→ Problem statement
The answer should be the exact lines from the line containing "European Sans Pro" through the last line of the material below, with no pictures.

→ Input data
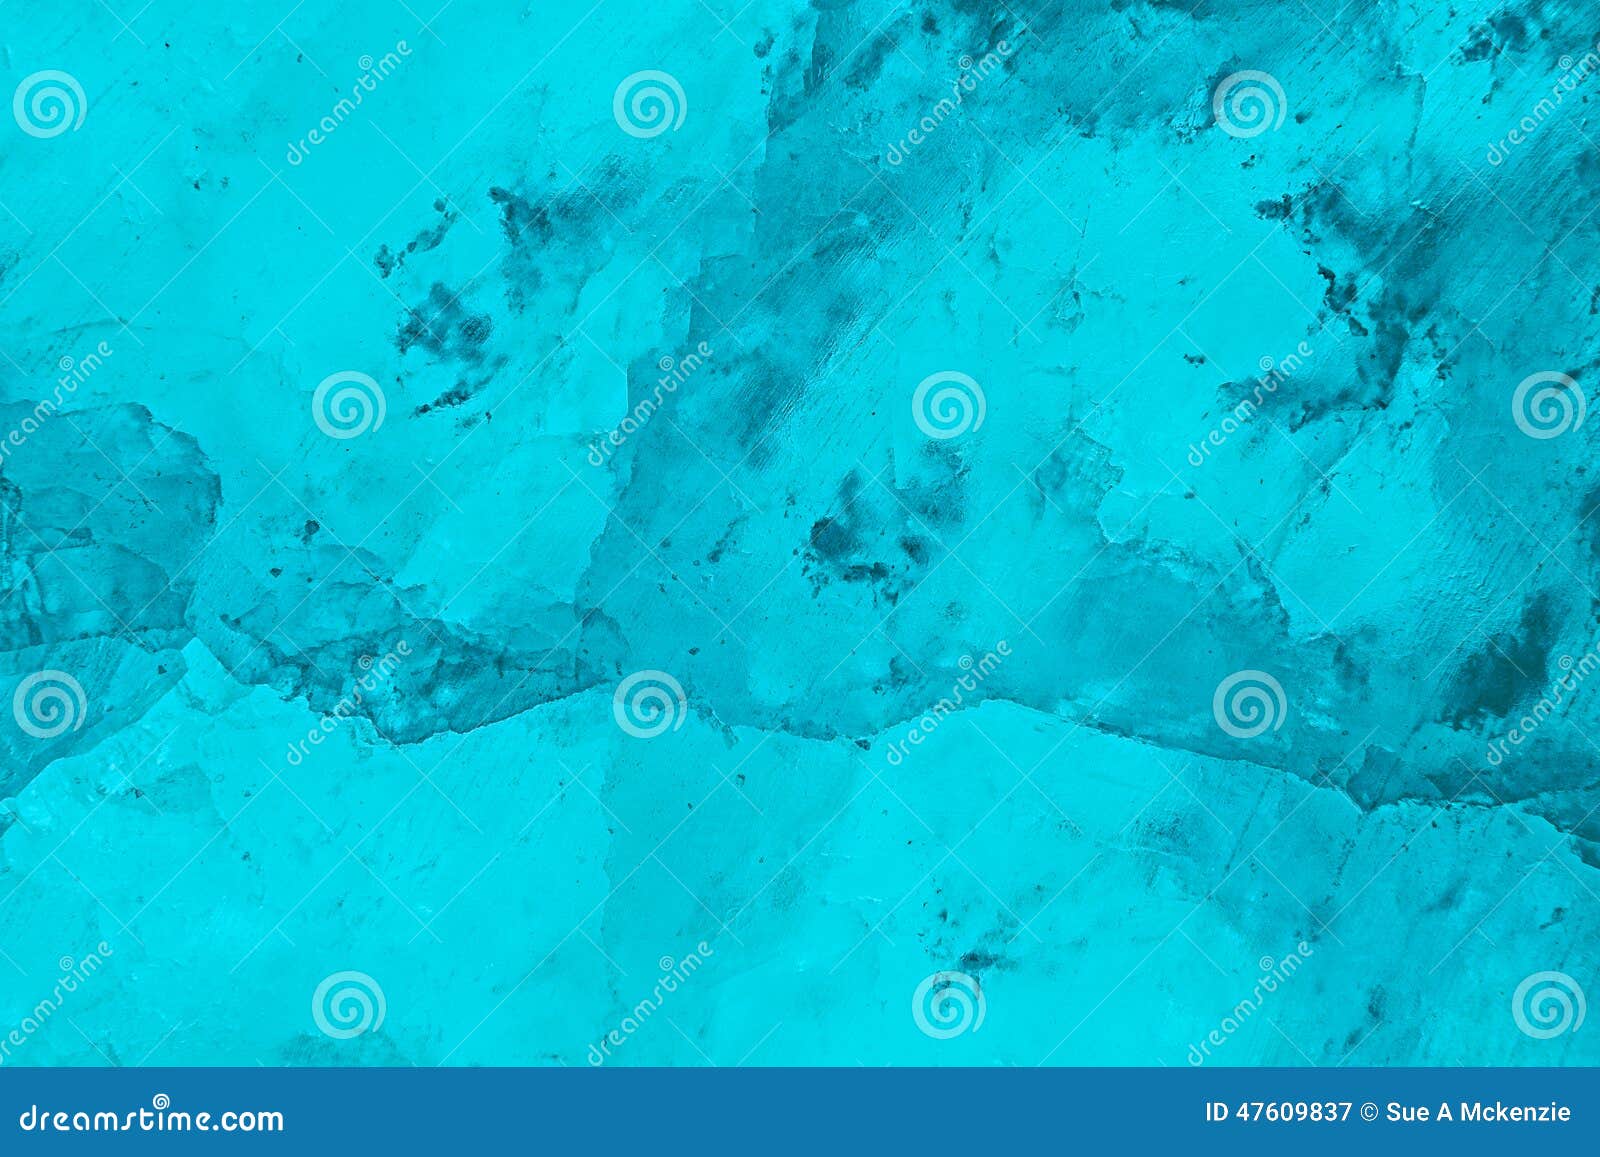 Light Blue Background Images - Free Download on Freepik
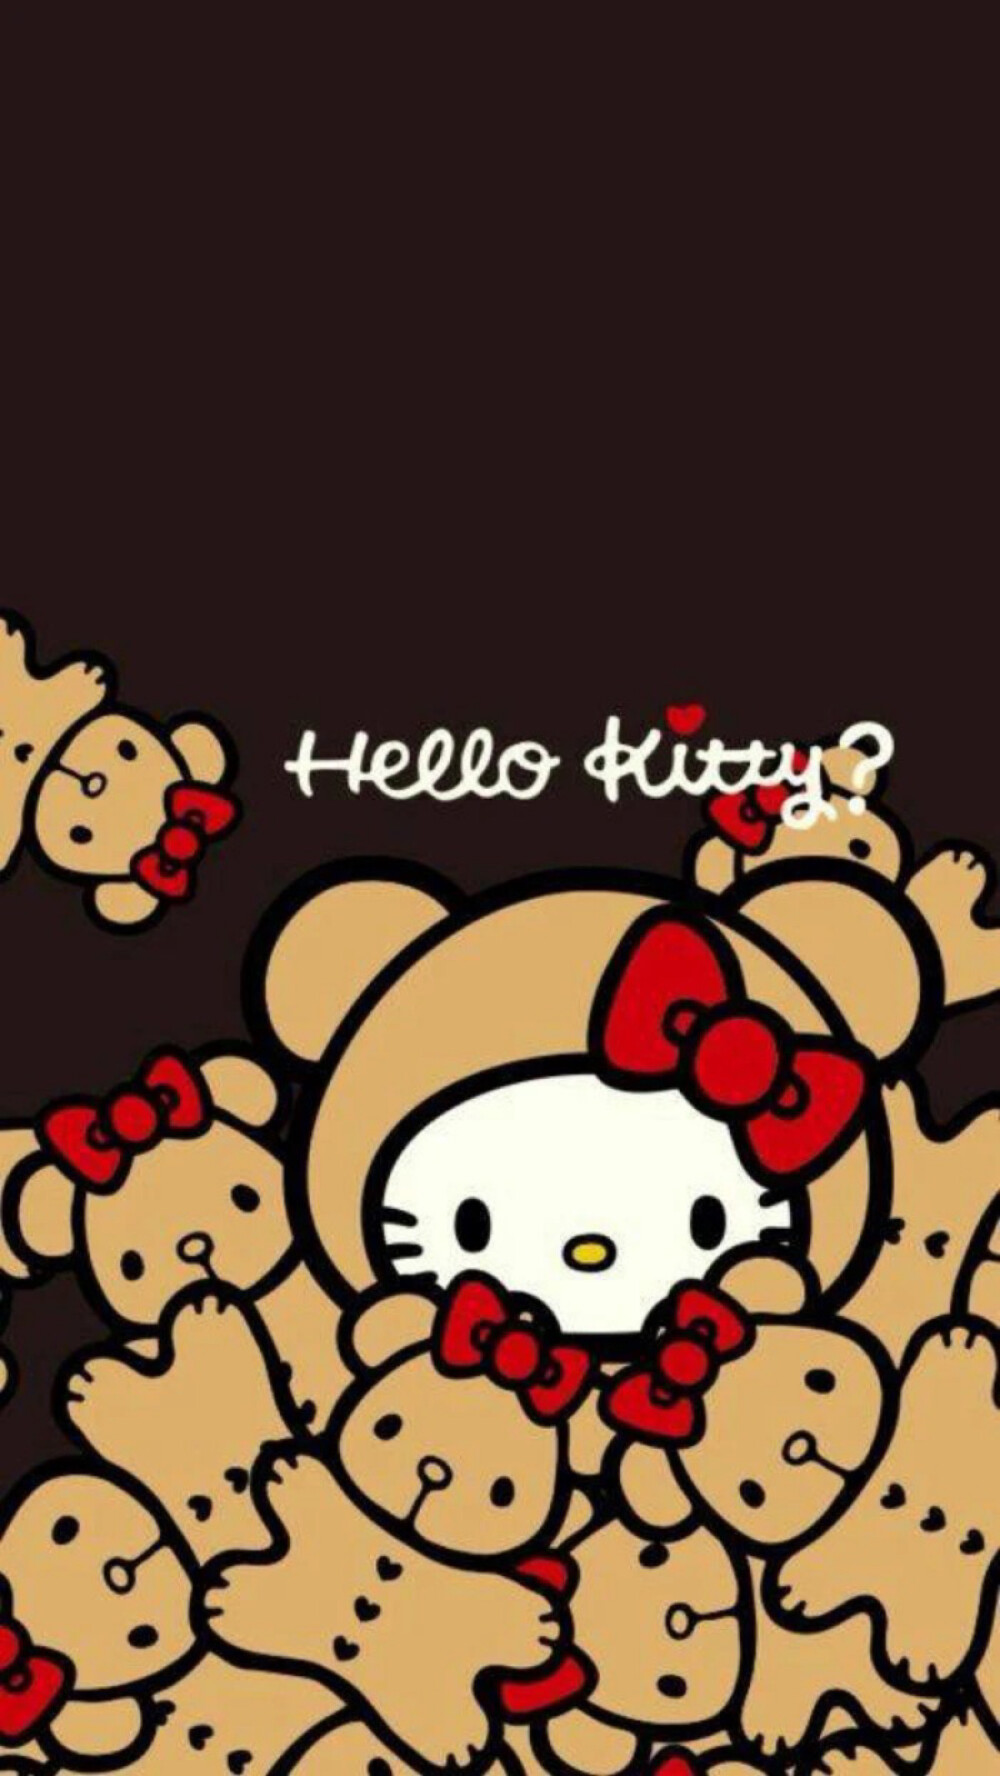 三丽鸥-hello kitty-锁屏壁纸 朋友圈背景
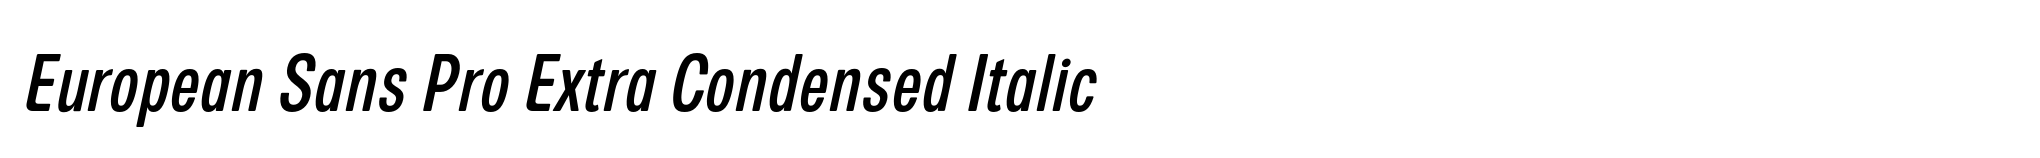 European Sans Pro Extra Condensed Italic image
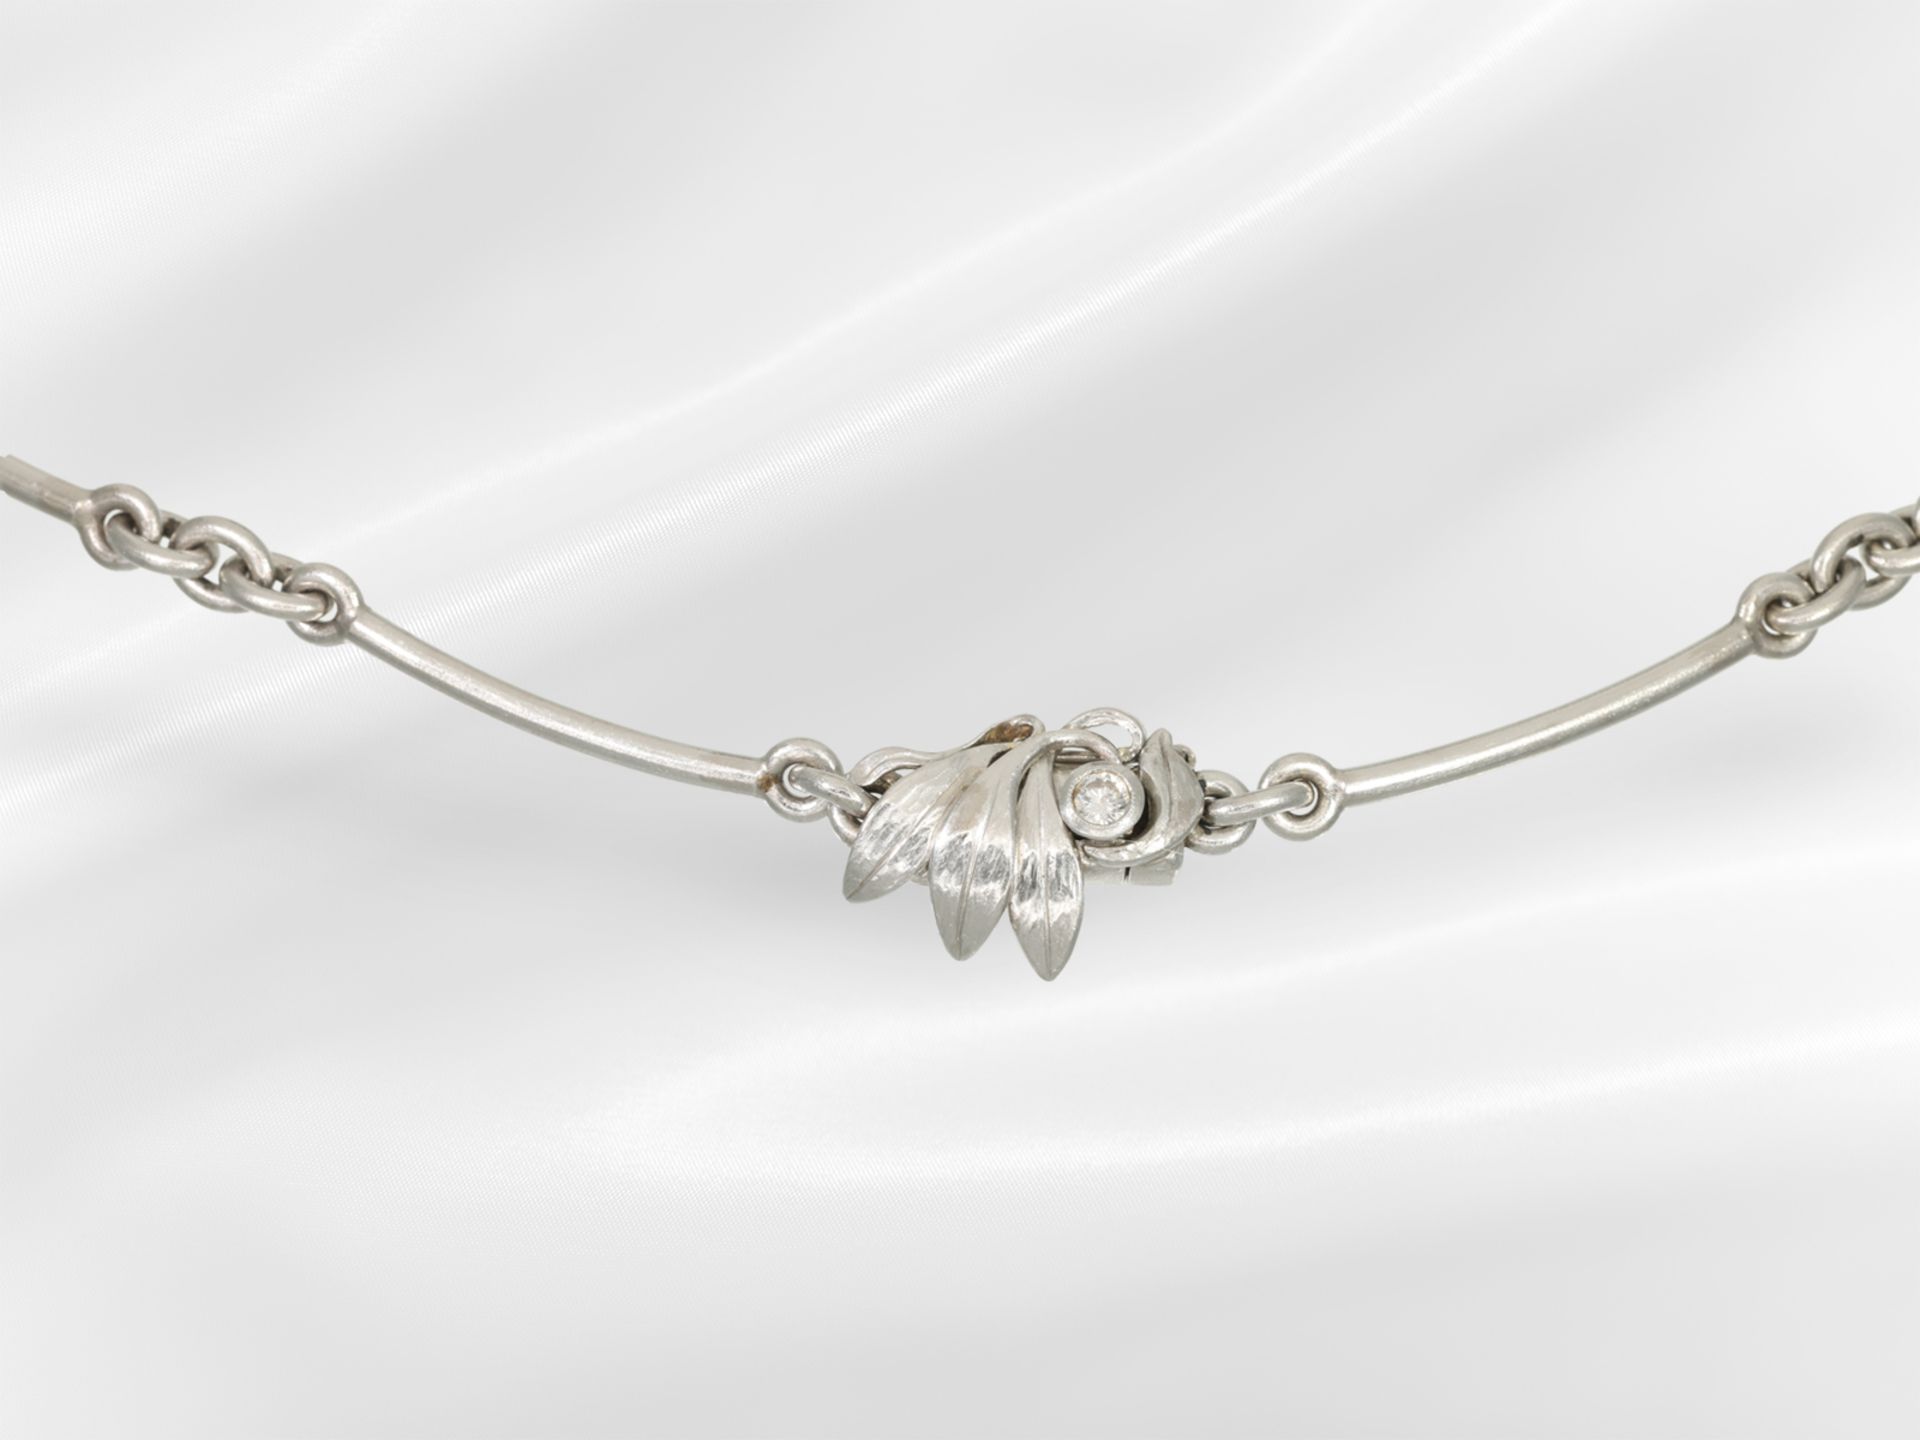 Chain/necklace: important platinum goldsmith jewellery, unique, aquamarine of 102ct - Image 3 of 3

→ Result of the task
 European Sans Pro Extra Condensed Italic image
 Chain/necklace: important platinum goldsmith jewellery, unique, aquamarine of 102ct - Image 3 of 3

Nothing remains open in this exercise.